Что, на самом деле для меня было загадкой — так это то, как все это получилось. Ни один из заведующих кафедрой никогда айтишником не был, это все были хардкорные математики, причем не бюрократы, а настоящие ученые. Как вот МВВ понимал, что неплохо бы прочитать спецкурс по квантовым компьютерам? Или почему АМШ сделал спецкурс по сжатию без потерь? Или по математическим основам компиляторов? На это совершенно точно не было запроса индустрии. Но именно это был идеальный подход для преподавания математики айтишникам: давать сложные математические основания для вещей, нами повседневно наблюдаемых. Я не знаю, какие именно культурные особенности, какие тропы позволили нашей кафедре найти эту весьма близкую к идеальной модель — особенно учитывая, что кроме них, по большому счету, на факультете никто с этим не справился.

Грантовые программы

Основным «пряником» для формирования изменений на факультете были грантовые программы. В какой-то мере Контур этим занимался уже давно, поддерживая финансово преподавателей которые, с точки зрения контура, делали сенс, причем не обязательно в стеке технологий шарпа — и математики, и системщики эту поддержку получали, и я, кстати, тоже. Это позволяло помочь людям, которые были хороши как преподаватели, и дальше заниматься преподаванием. Но теперь успех ФИИТ — не только в связи с Основами программирования, но и из-за, например, рекламной компании, которая позволила привлечь на специальность хороших абитуриентов — показал компании, что инвестиции в образование действительно отбиваются, и можно их наращивать.

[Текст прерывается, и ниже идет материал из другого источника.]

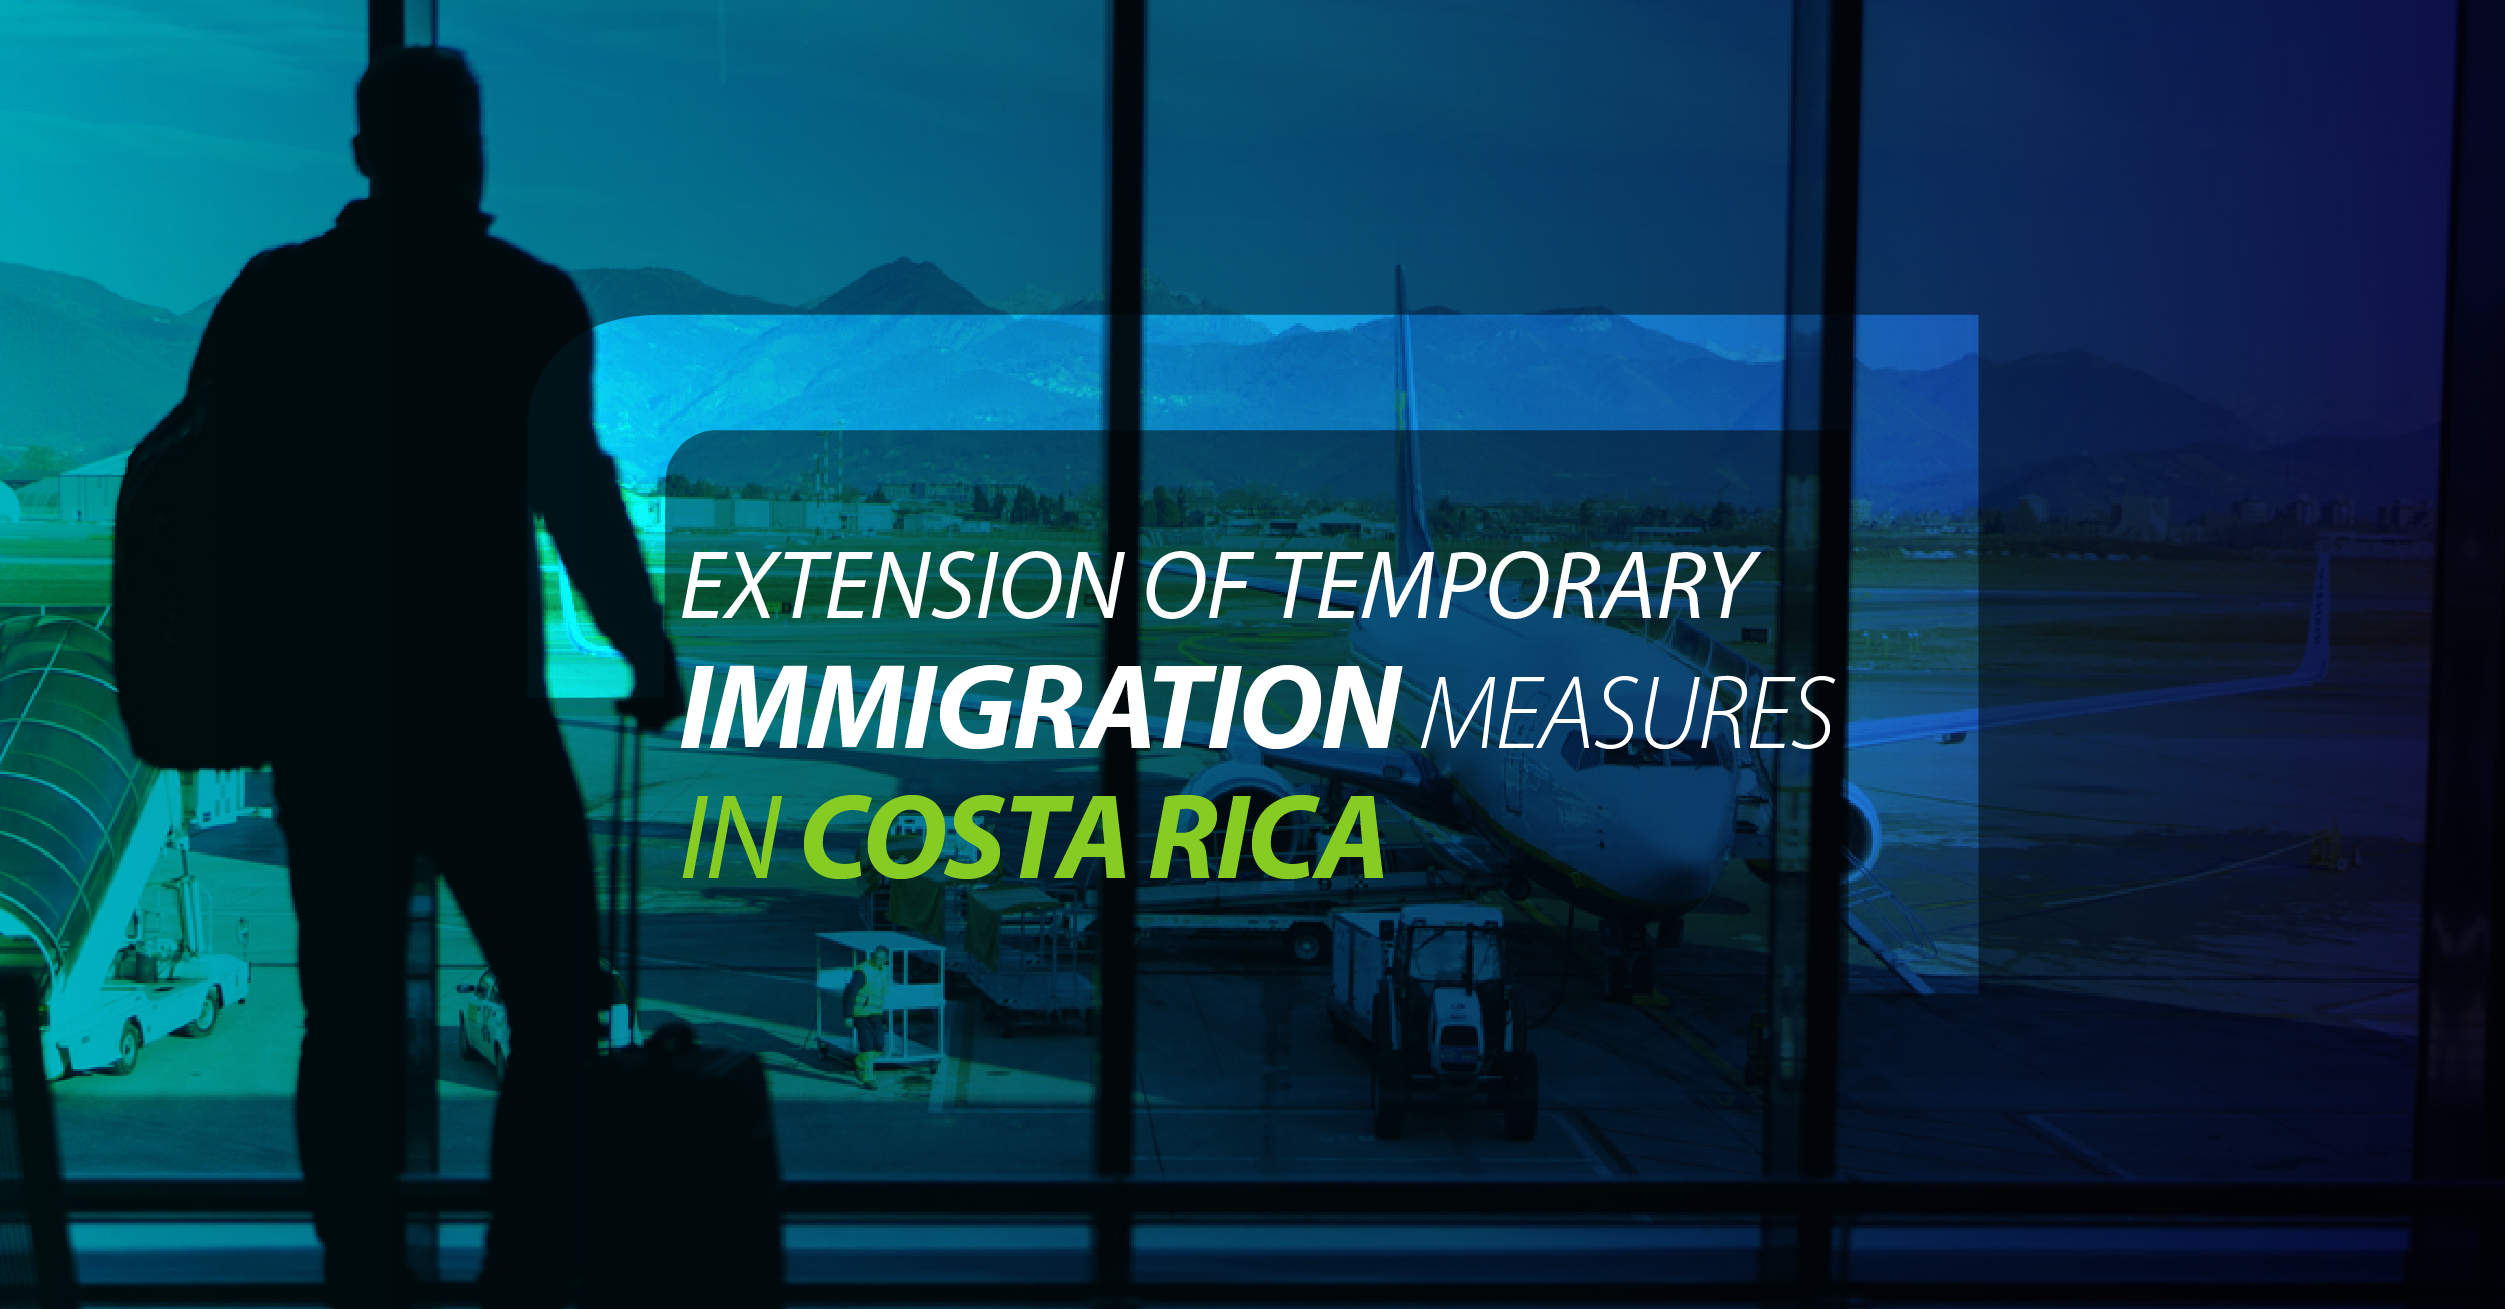 Extension of temporary immigration measures in Costa Rica

И была аргументация, чтобы ее расширить. Тут причиной были, вероятно, опять «Основы Программирования». Во-вторых, там был сразу виден успех: люди приходили на стажировку в контур даже после первого (!) курса и сразу показывали класс, как никогда раньше. Из работы отдела обрпрограмм исчезло ощущение долгостроя — мы, мол, вкладываемся в какое-то образование, которое даст результаты через пять лет, и еще неясно, какие результаты. Обратная связь сильно спрямилась — делаем курс, через год выходят крутые стажеры, через два года, после второго курса, мы их нанимаем в штат. На таких условиях инвестировать можно гораздо активнее.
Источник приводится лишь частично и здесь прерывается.